Becky walks to the sink and runs the tap, pressing cool damp tissues to her puffy eyes. Perhaps they can be saved. She can hear the conversation outside getting louder, bolshier – nearing the pitch of the summertime pavement crowds outside a pub at closing.
‘Boy trouble?’ says Sharon.
‘That’d be nice.’
‘I heard you blowing your nose. Very unladylike. I was impressed.’
‘Oh God. Sorry.’
‘No, fuck that. Trumpet it out. Don’t go dabbing it away now.’
Becky could, perhaps, paper the cracks with jokes, and then run to her room. But she feels the place inside that her crying has hollowed out and is suddenly too tired to cover up, weave round, edit and hide.
‘I just fucked up,’ she says.
‘How badly?’
‘Nobody died but … I got asked about something I’m working on and I felt like I couldn’t land it. I just allowed myself to be … It’s my job, my only job, to defend this thing and I let this guy …’
‘Shit on it?’
‘It wasn’t even that bad. I just did a rubbish job defending it. And now I feel like I’ve let someone down.’ Medea. ‘Even though … Even though it doesn’t matter to anyone except me.’

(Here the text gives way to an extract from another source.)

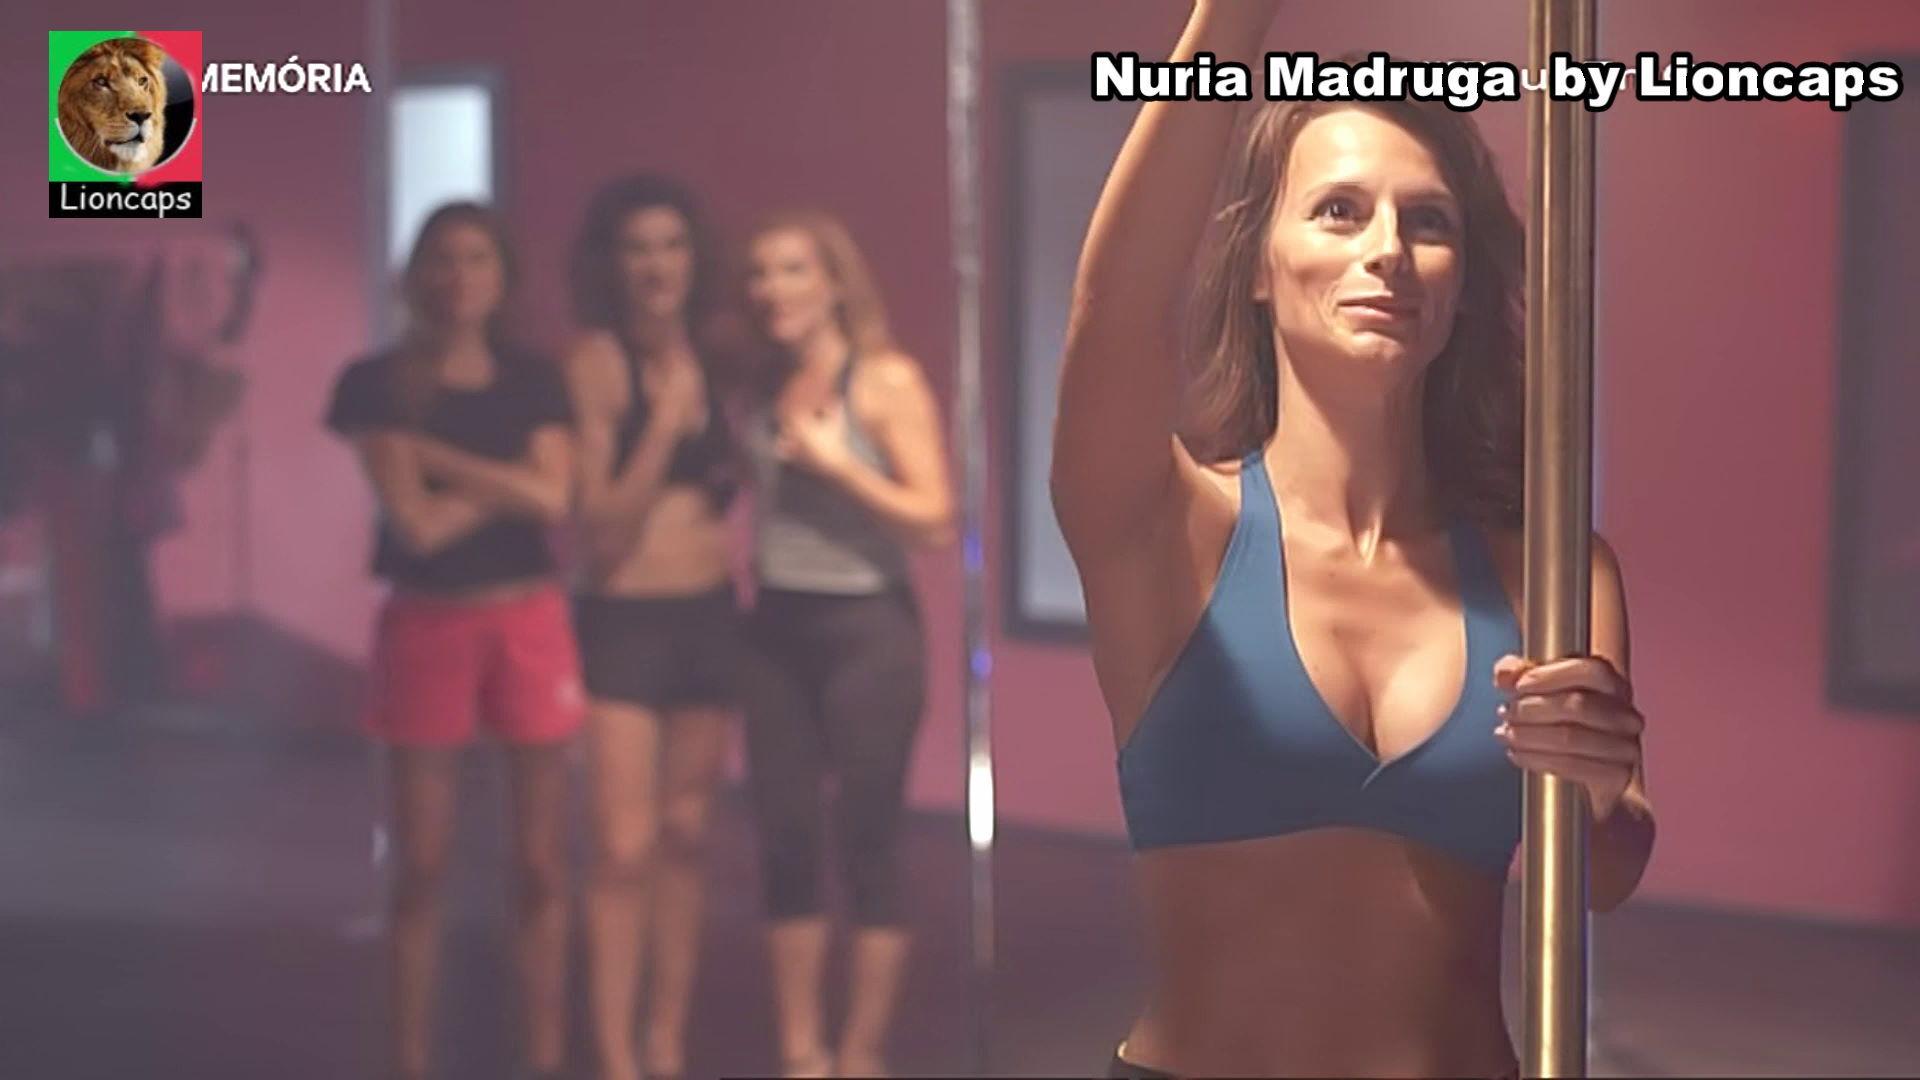 nuria_madruga_vs200421-001 (3).JPG

‘Been there a few times myself.’
Becky feels Sharon assess her. She feels sure she is looking at the running mascara, the tangled mess of hair and lopsided clothes, but that she is doing it with kind eyes while formulating something.
‘Never mind,’ Becky says. ‘I’ll just … I don’t know. Try and learn from it.’
‘What are you selling here anyway?’
‘It doesn’t matter.’
‘Come on, I’m asking. I’m not going to shit on it. You’ve made me curious.’
‘Yeah, but now it’d be pitching to a director.’
‘What, so you’ve been crying in there waiting till I need a piss so you can get five minutes at the mirror with me? I mean, if that’s your game-plan you’re the best fucking producer on the planet. Seriously wily. You’ve got Tamara Lenkiewa back there too. She’ll be needing a shit soon, you could have a crack at her as well.’